Rhythmic crowd bobbing on a grandstand simulator

• Published in: Journal of sound and vibration Vol. 332; no. 2; pp. 442 - 454
• Main Authors: Comer, A.J., Blakeborough, A., Williams, M.S.
• Format: Journal Article
• Language: English
• Published: Kidlington Elsevier Ltd 21.01.2013; Elsevier
• Subjects: Dynamic loads; Dynamical systems; Dynamics; Exact sciences and technology; Fundamental areas of phenomenology (including applications); Grandstands; Harmonics; Physics; Simulation; Solid mechanics; Spools; Structural and continuum mechanics; Vibration; Vibration, mechanical wave, dynamic stability (aeroelasticity, vibration control...); Vibration; Coordination; Crowd; Collective process; Vibration test; Cantilever; Experimental study; Stadia; Energy supply; Uncertain system; Harmonic generator; Annoyance; Comfort; Rebound; Energy absorption; Structural analysis; Dynamic load
• ISSN: 0022-460X; 1095-8568
• DOI: 10.1016/j.jsv.2012.08.012

It is widely accepted that concerted human activity such as bouncing or bobbing can excite cantilever grandstands.
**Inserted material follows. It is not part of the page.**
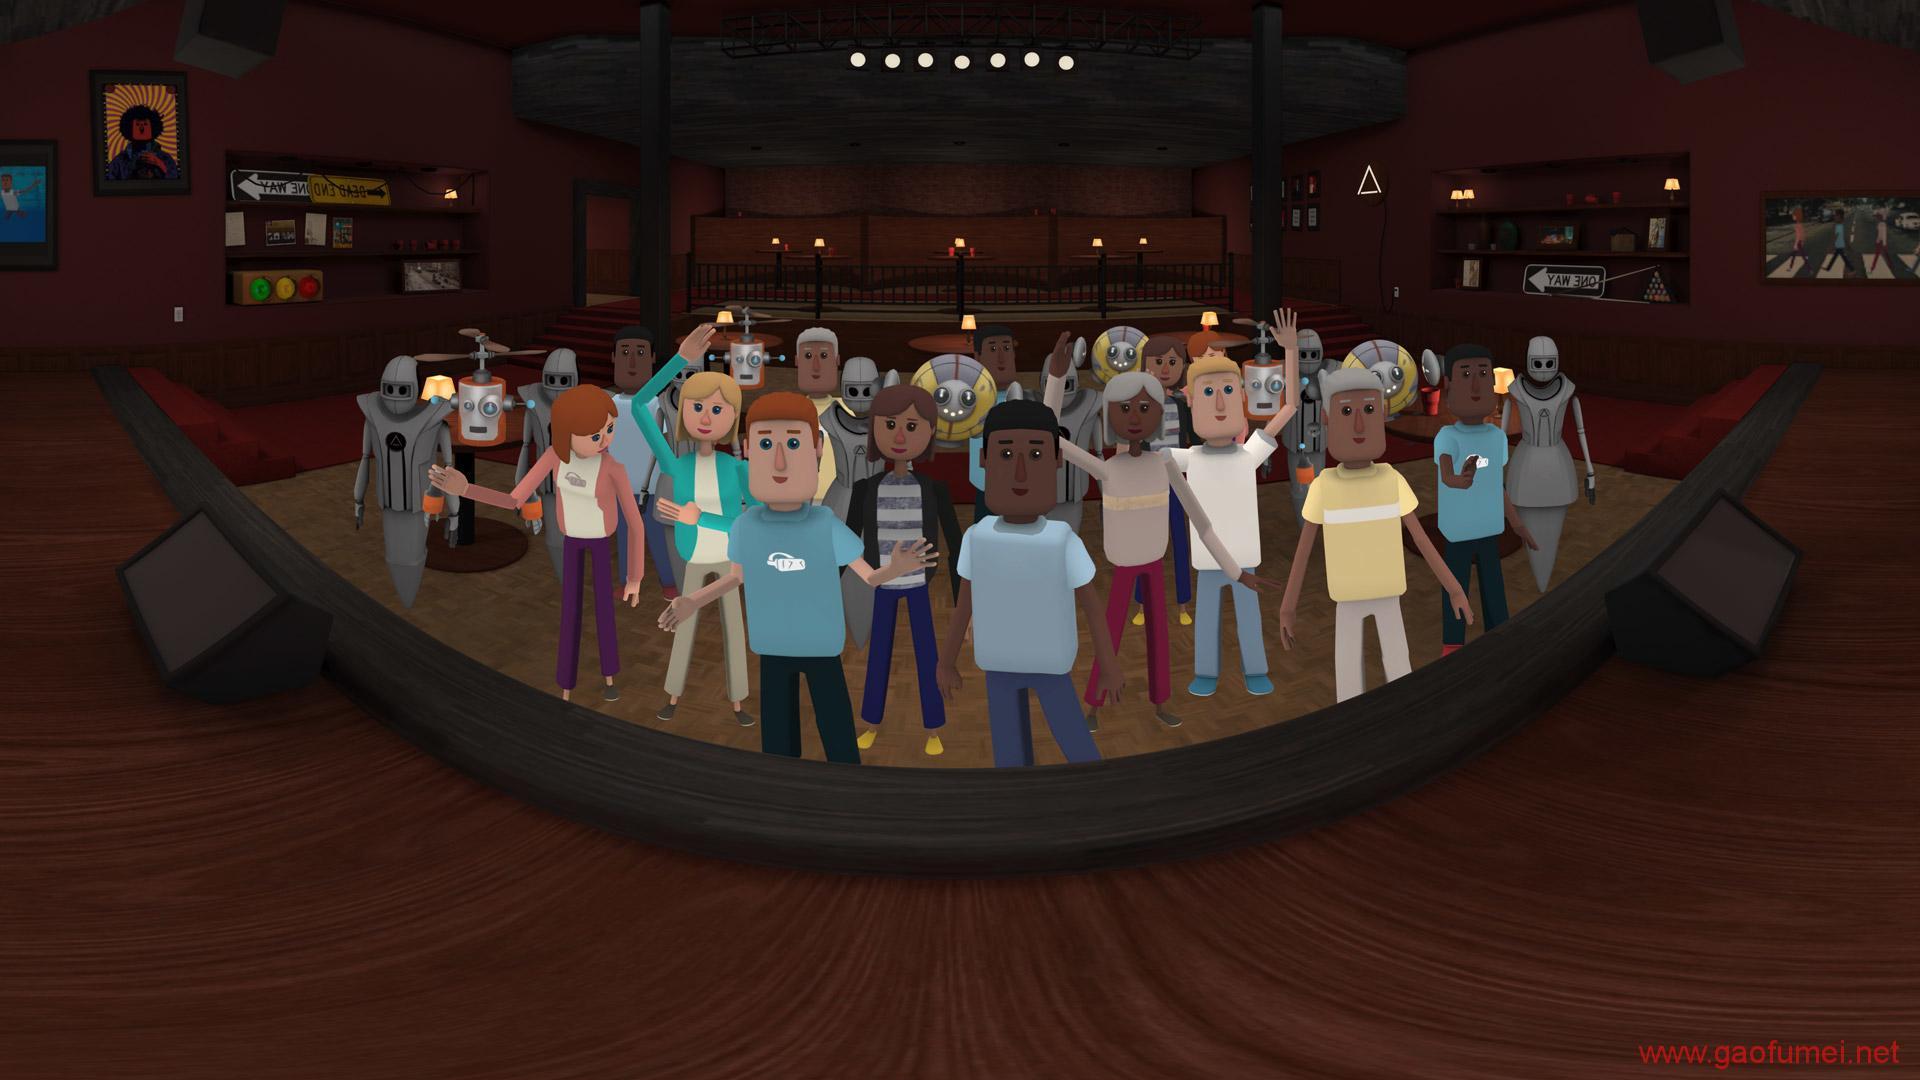 微软收购 VR 社交平台 AltspaceVR将打造混合现实社交平台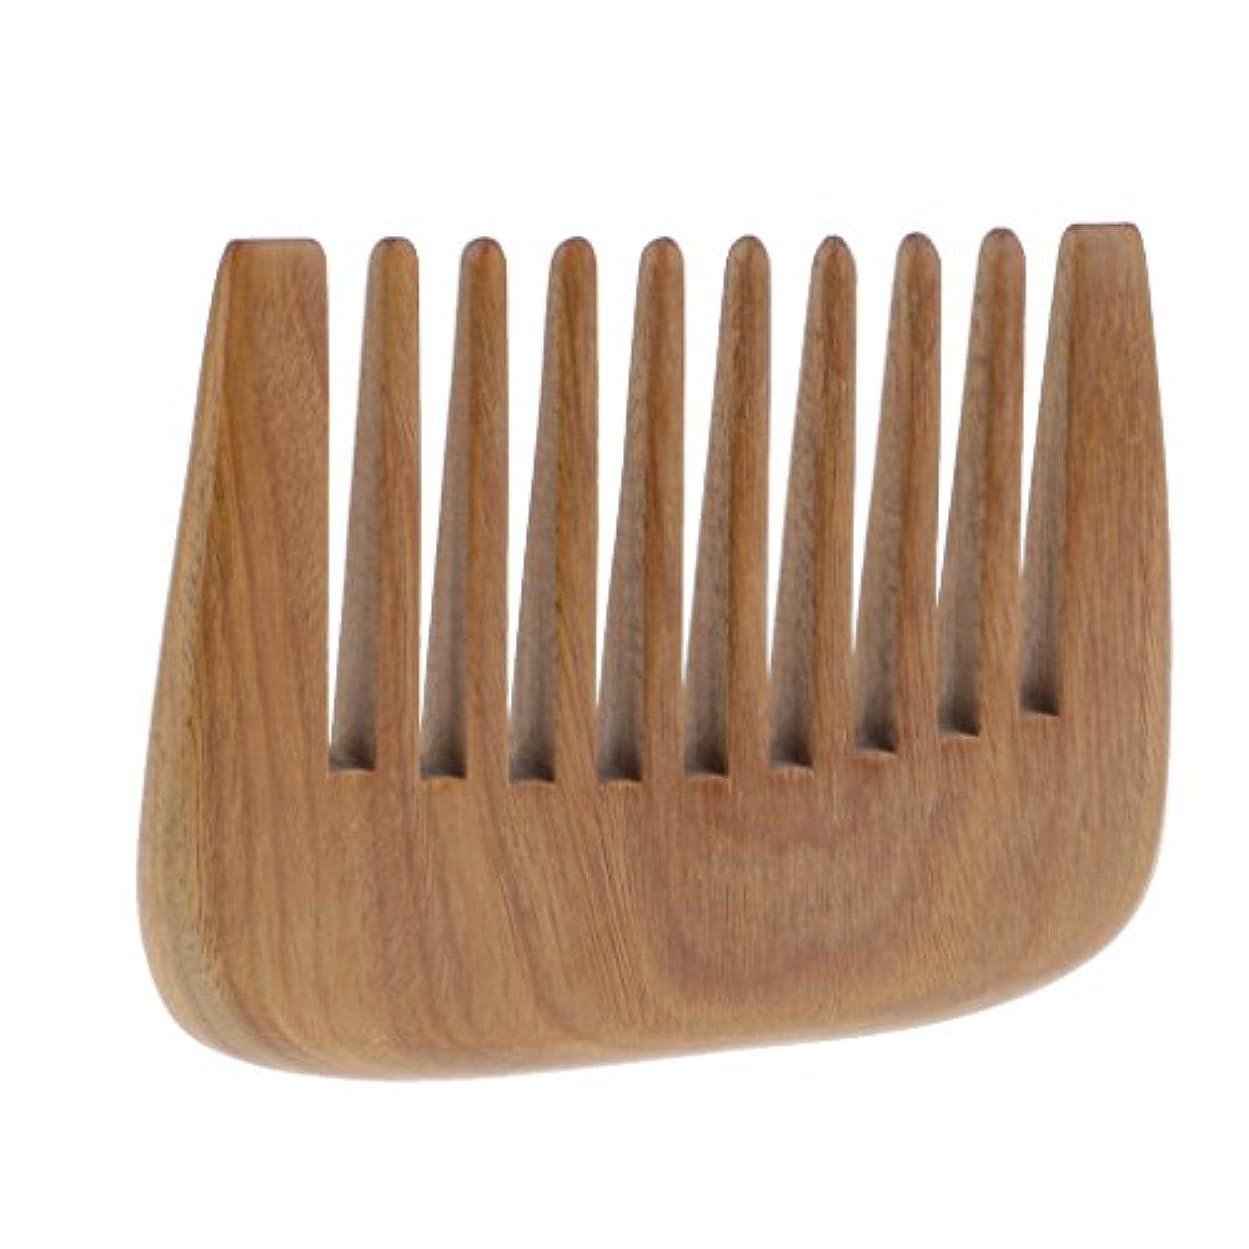 望む粘性の社会主義グリーンサンダルウッドのひげの櫛 - 広い歯ポケット櫛 - いいえ男性&女性のための静的ナチュラルアロマ木製グルーミングコーム

Crowd coordination can be unwitting and may be exacerbated by structural motion caused by resonant structural response. This is an area of uncertainty in the design and analysis of modern grandstands. This paper presents experimental measurement and analysis of rhythmic crowd bobbing loads obtained from tests on a grandstand simulator with two distinct support conditions; (a) rigid, and; (b) flexible. It was found that significant structural vibration at the bobbing frequency did not increase the effective bobbing load. Structural motion at the bobbing frequency caused a reduction in the dynamic load factor (DLF) at the frequency of the second harmonic while those at the first and third harmonics were unaffected. Two plausible reasons for this are: (a) the bobbing group were unable to supply significant energy to the system at the frequency of the second harmonic; (b) the bobbing group altered their bobbing style to reduce the response of the grandstand simulator. It was deduced that the bobbing group did not absorb energy from the dynamic system. Furthermore, dynamic load factors for groups of test subjects bobbing on a rigid structure were typically greater than those of synthesised groups derived from individuals bobbing alone, possibly due to group effects such as audio and visual stimuli from neighbouring test subjects. Last, the vibration levels experienced by the test subjects appear to be below levels likely to cause discomfort. This is to be expected as the test subjects were themselves controlling the magnitude and duration of vibration for the bobbing tests considered.